According to literary critic Helen Vendler, the poem's opening foot is "reversed", adding more color and emphasis on the word "Hope". Dickinson uses iambic meter throughout the poem to replicate that of "Hope's song through time". Most of Dickinson's poetry contains quatrains and runs in a hymnal meter, which maintains the rhythm of alternating between four beats and three beats during each stanza. "'Hope' is the thing with feathers" is broken into three stanzas, each containing alternating lines of iambic tetrameter and iambic trimeter, totaling 12 lines.

=== Form ===
In Victoria N. Morgan's Emily Dickinson and Hymn Culture: Tradition and Experience, she writes that Dickinson's poetry may have been influenced by 18th-century hymn culture, such as Isaac Watts and hymnal writers Phoebe Hinsdale Brown and Eliza Lee Follen. Morgan postulates that their works were introduced to Dickinson early in her life, when she attended church regularly. She believes that the "simplicity" of the hymnal form allowed Dickinson to make this "an easy target for parody."

=== Theme of poem ===
The poem calls upon the imagery of seafaring adventures with the use of the words "Sea" and "Gale". Dickinson uses the metaphor of hope as a bird that does not disappear when it encounters hardships or "storms". Vendler writes that Dickinson enjoys "the stimulus of teasing riddles", as seen when she plays with the idea of hope as a bird.
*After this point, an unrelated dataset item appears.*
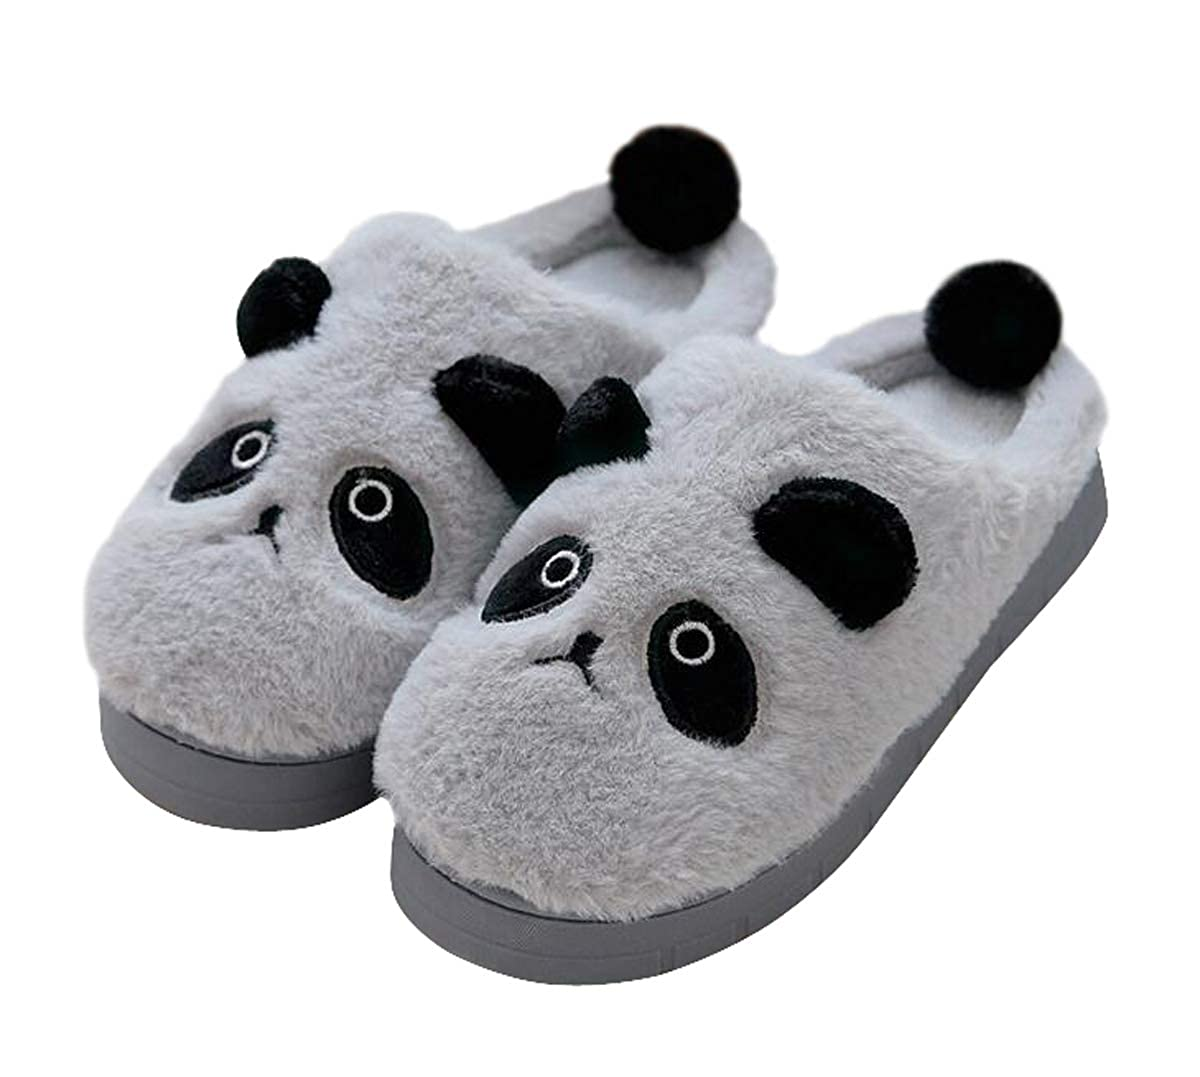 Adorable Cartoon Panda Womens Indoor Winter Warm Slippers Plush Slippers Soft Cozy Slip-on Slipper

Dickinson alludes to hope as something that does not disappear when the "Gale" and "storm" get worse and whose song persists despite the intensity of whatever is attempting to unseat it. She also says that no matter what the speaker of the poem is doing, hope does not leave even if they offer nothing in return to it.

=== Punctuation ===
Dickinson uses dashes liberally in the poem, ending nine lines with them. She also capitalized common nouns, such as "Hope," "Bird," and "Extremity." Scholar Ena Jung writes that Dickinson's dashes are among the most "widely contested diacriticals" in contemporary literary discussions. In his Poetry Handbook, John Lennard writes that Dickinson's poems rely heavily on her use of dashes, capitalization, and line and stanza breaks. He says her "intense, [and] unexpected play" with capitalization and dashes makes her poetry "memorable". Read aloud, the dashes create caesura, giving the poem a staccato rhythm. Jung says Dickinson's use of dashes creates a "visible breath" for the speaker of the poetry.

=== Symbolism ===
Dickinson describes hope as a bird, a metaphor for salvation. She has nine variations of the word "hope," which can be interpreted in multiple ways. Morgan writes that Dickinson often writes about birds when describing acts of worship, which coincides with the format of the hymn. Birds in Christian iconography are often doves. Dickinson often alludes to nature in her poems. In this poem, the bird and the violent weather create a balance between the destructive and the beneficent. The poem also juxtaposes the interior and exterior worlds, with the soul interior and the storms exterior.

== Critical reception ==
Dickinson's poems are considered mysterious and enigmatic and typically have a volta, or turn in topic, at the end, as in "Because I could not stop for Death." "'Hope' is the thing with feathers" has a similar quality, but some critics consider it childlike in its simplicity. Vendler notes that Dickinson's quatrains and hymnal meter can be seen as simplistic. Morgan argues that because of Dickinson's "antagonistic relation" with 19th-century Christianity, the poet gives a "reassessment of spirituality" through this poem with the image of the bird and the Christian conception of "hope."

== Derivative works ==
"'Hope' is the thing with feathers" has been set to music many times. One musical adaptation is Susan LaBarr's, for women's choir and piano. Other musical settings are by Robert Sieving, Emma Lou Diemer, Paul Kelly, David Bednall, and Christopher Tin.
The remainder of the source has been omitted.